Пулемёт я снял, но миномётную плиту за развалиной – нет, и оттуда, едва я отвернул, снова пошли вспышки. Я довернул на второй заход, по той же полосе, с того же конца, держа те же ракеты по бортам прицела. Первый сошёл. Второй сам собой не сходит. Я провёл медленно, выверенно: дал по плите короткой, вдоль развалины, – и вспышки за ней встали и больше не пошли. На выходе я скользнул глазом вправо: ракеты все на месте, ни одной не задел, и за гребнем, у наших, не встало ни дыма, ни огня в нашу сторону.

Дважды я прошёл по коробочке и дважды отвернул вдоль ракет, не дав себе ни на градус к своим. Перчатки взмокли. Под крылом, в полусотне метров от моих очередей, в развалинах лежали те, к кому я шёл, и отделяла их от моей пушки одна красная черта – пара огней, опадающих в дыму.

Пятьдесят метров. Разлёт пушечной очереди, который в степи никто не считал, здесь я считал каждым снарядом.

* * *

За мной по той же полосе пошли остальные, по одному, как уговорено.

Захаров – вдоль, короткой, от ближнего к дальнему, и патрона лишнего не выпустил за полосу. За ним Гладков с Бабенко, по второму концу точки, где земля дала ещё ракету. Каждый строил заход долго, выводя нос в коридор, и каждый клал короткую и выходил, не довернув; я водил их сверху голосом, по одному пуская на полосу и не давая никому войти в неё, пока передний не вышел. Бабенко на своём заходе чуть довернул за целью, ушедшей под крыло, к ракетам; одно моё слово в эфир – «уводи!» – и он выправил, прошёл по черте и вышел пустым, не дав очереди. Шесть машин прошли по коробочке, одна за одной, и ни одна очередь не легла за ракеты.

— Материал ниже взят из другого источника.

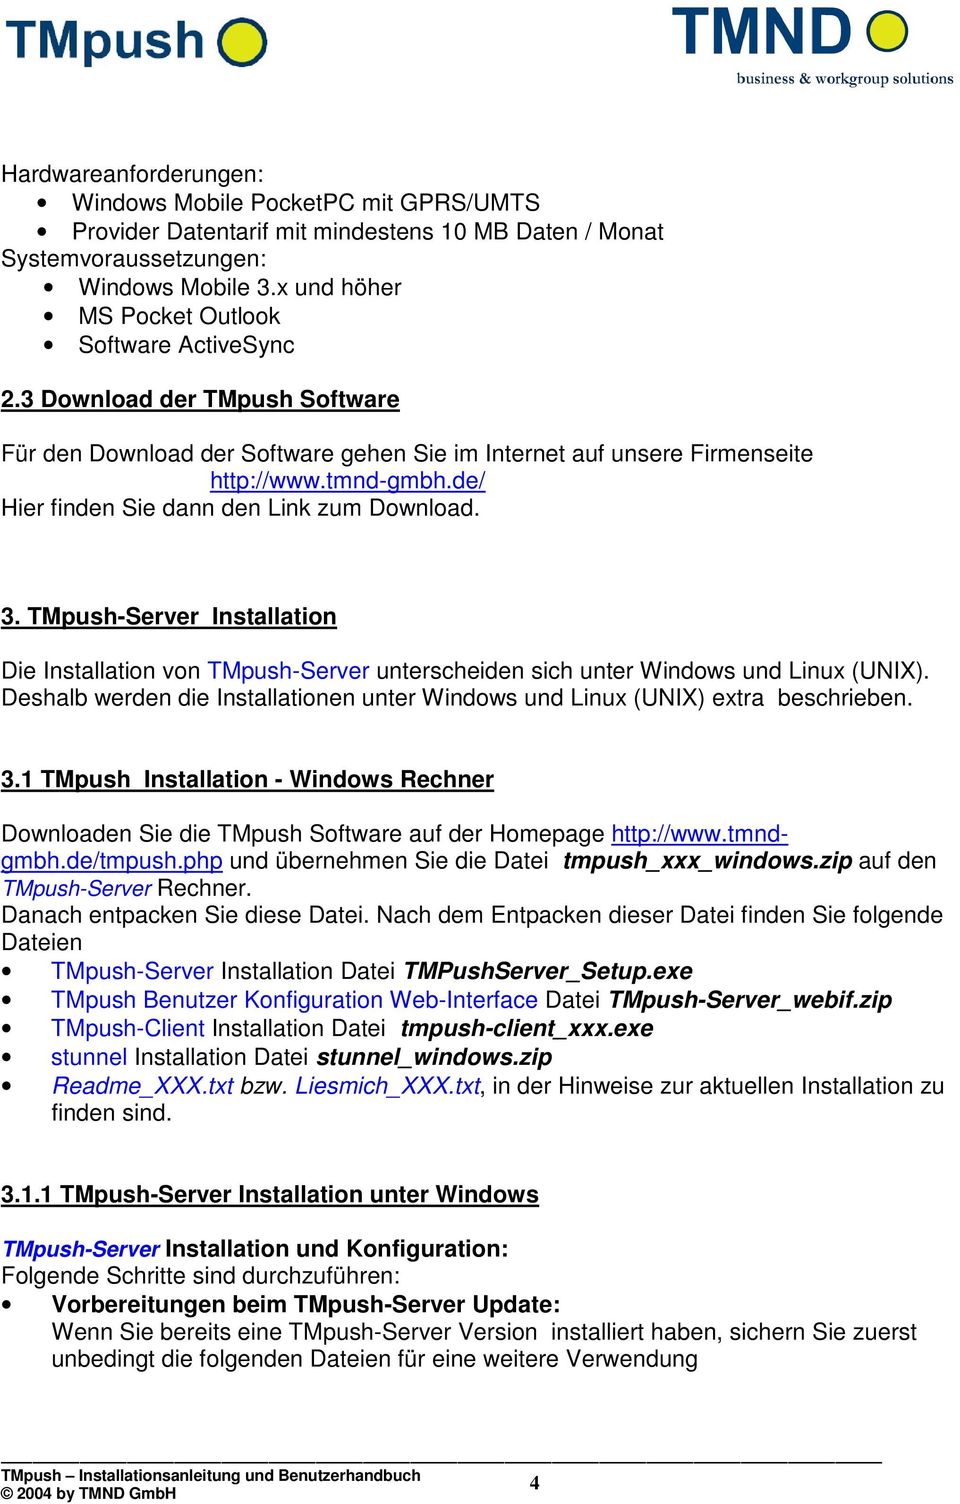 de/ Hier finden Sie dann den Link zum Download. 3. TMpush-Server Installation Die Installation von TMpush-Server unterscheiden sich unter Windows und Linux (UNIX).
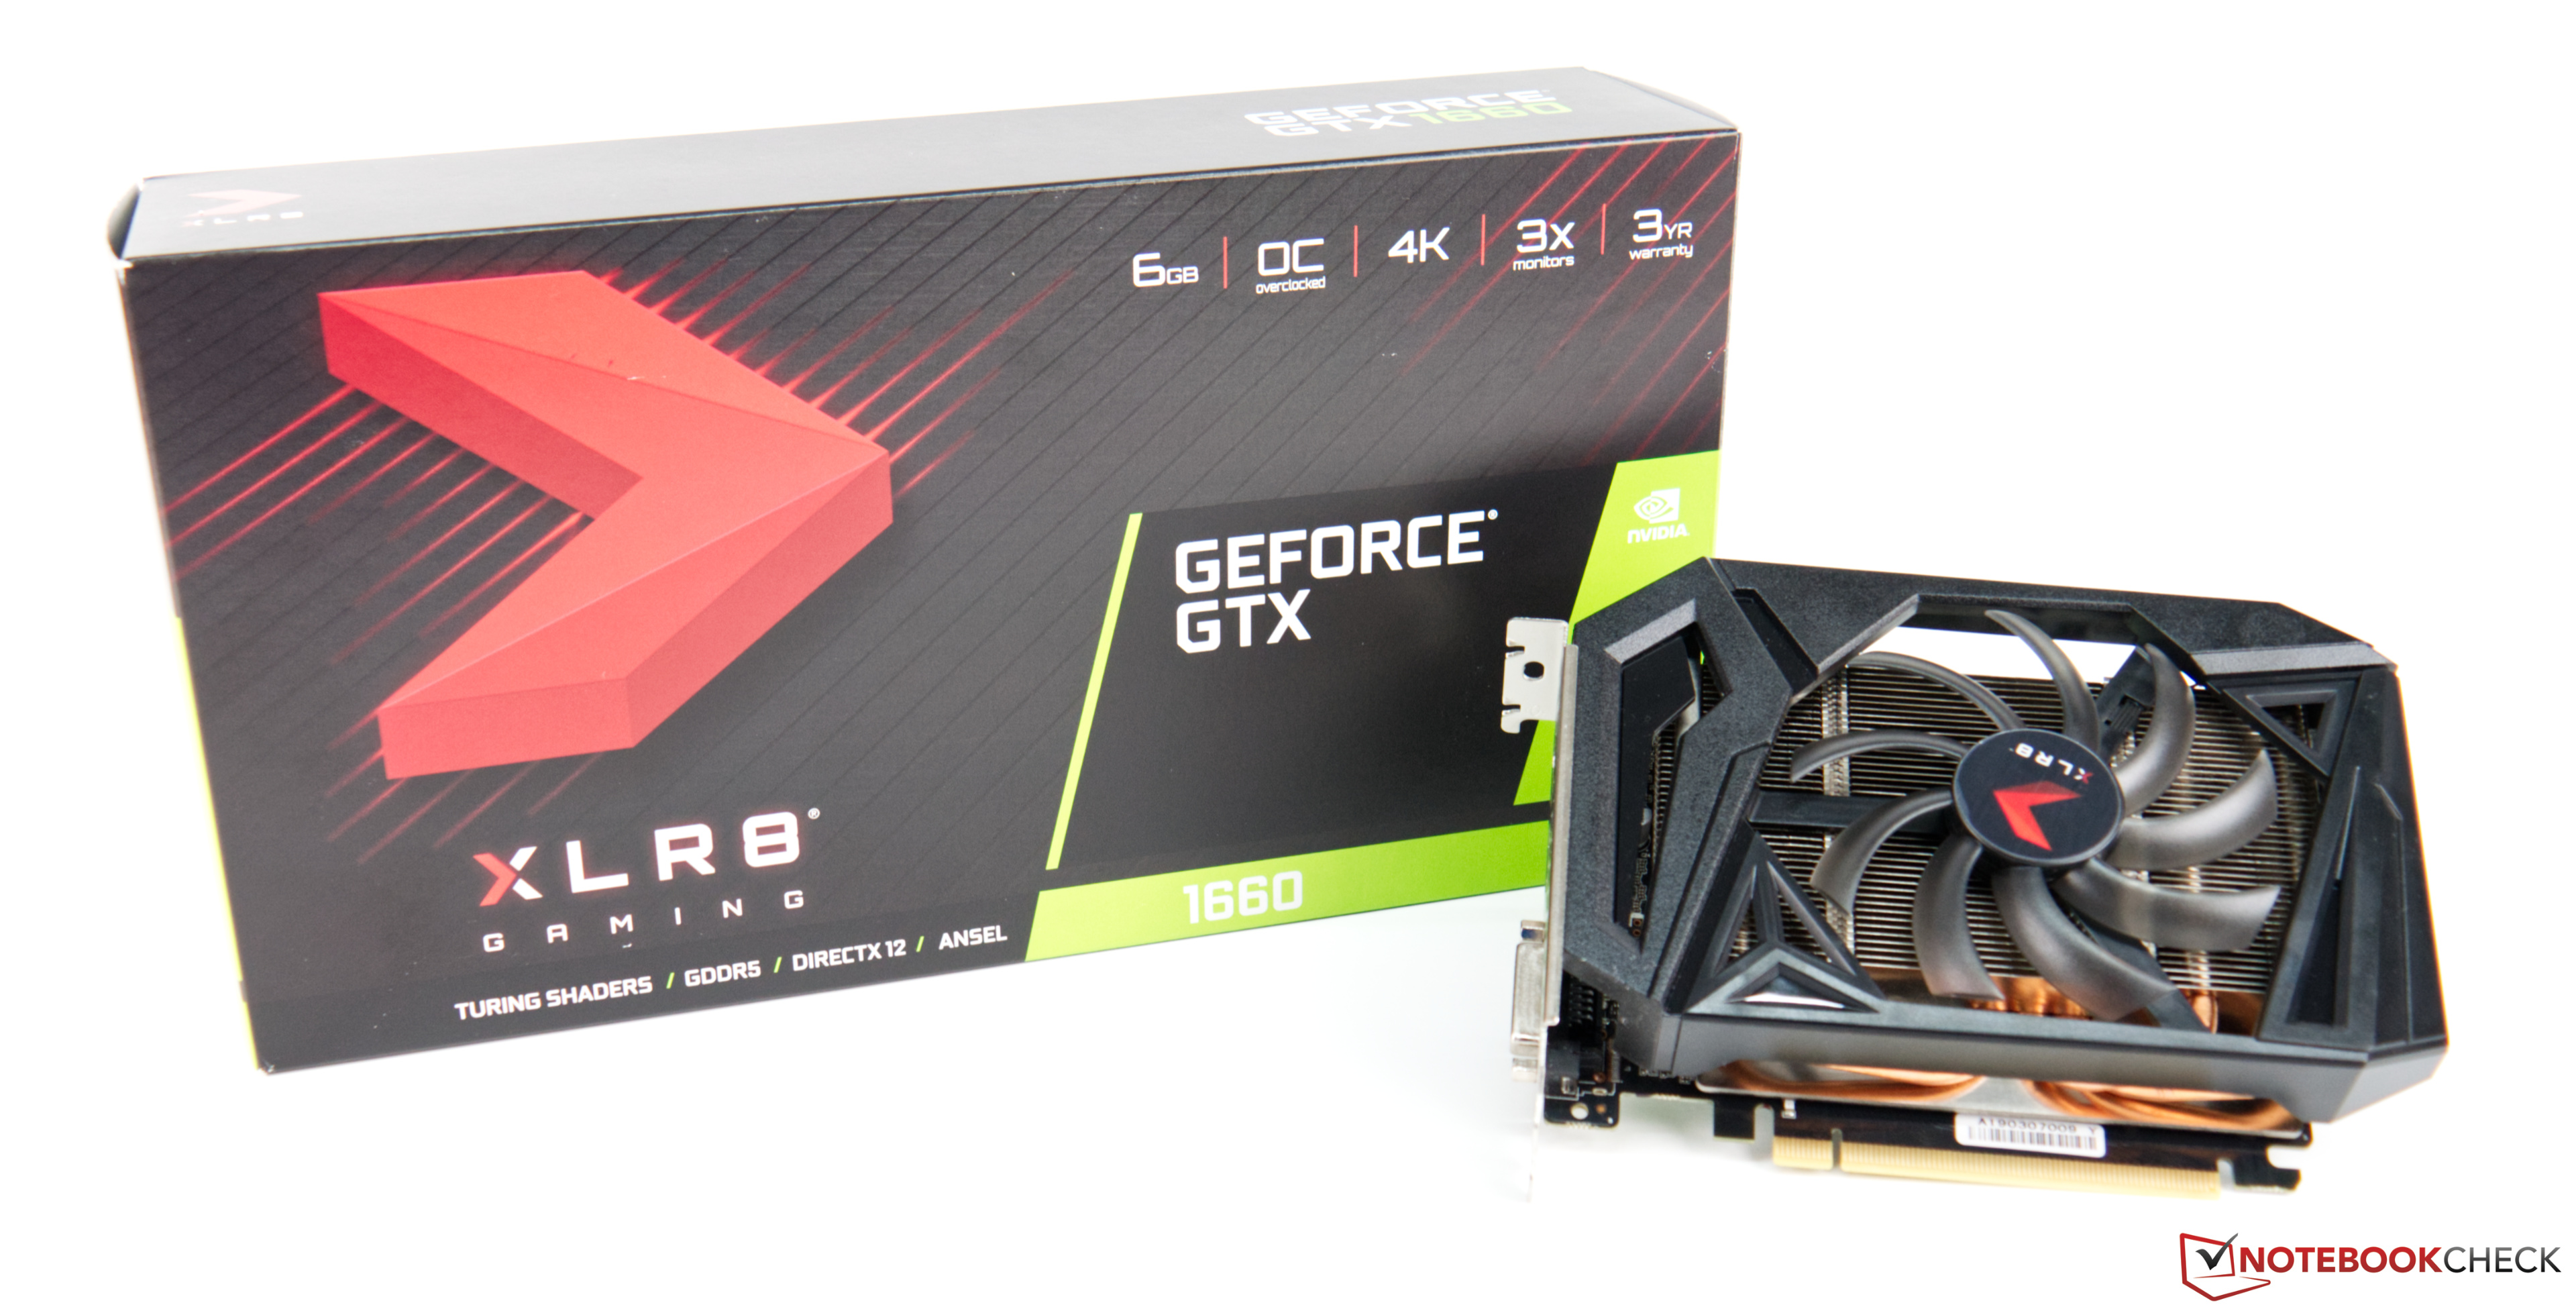 PNY GeForce GTX 1660 XLR8 Gaming OC: A

Коробочка между тем затягивалась дымом от собственных разрывов, и с каждым заходом полосу читать было труднее: ракеты тускнели в гари, серый сливался с серым. Тот, кто шёл последним, видел уже не ту строку, что я в первый раз. Я держал рубеж в голове по тем ракетам, что ещё горели, и торопил группу: дольше эта коробочка чистой не будет.

Зенитка по нам била – малокалиберная, из развалин за коробочкой, выскакивая поздно, как тут всё, и пряталась обратно в дым раньше, чем довернёшь. Гладкову пришло по консоли на втором заходе; он доложил, что держит, что идёт. На выходе с третьего захода она достала всерьёз и меня: трасса встала прямо перед носом, так близко, что я разглядел отдельные снаряды, уходящие вверх, медленные на вид и злые. Я свалил машину вбок, в дым, потерял высоту, выгреб обратно – и она меня потеряла, ушла искать следующего. По хвосту всё же стукнуло, мелко; Ковальчук доложил, что цело. Каждый лишний проход над балкой стоил машине, и я считал проходы, как считал снаряды: ровно столько, сколько надо снять точку, и ни одним больше.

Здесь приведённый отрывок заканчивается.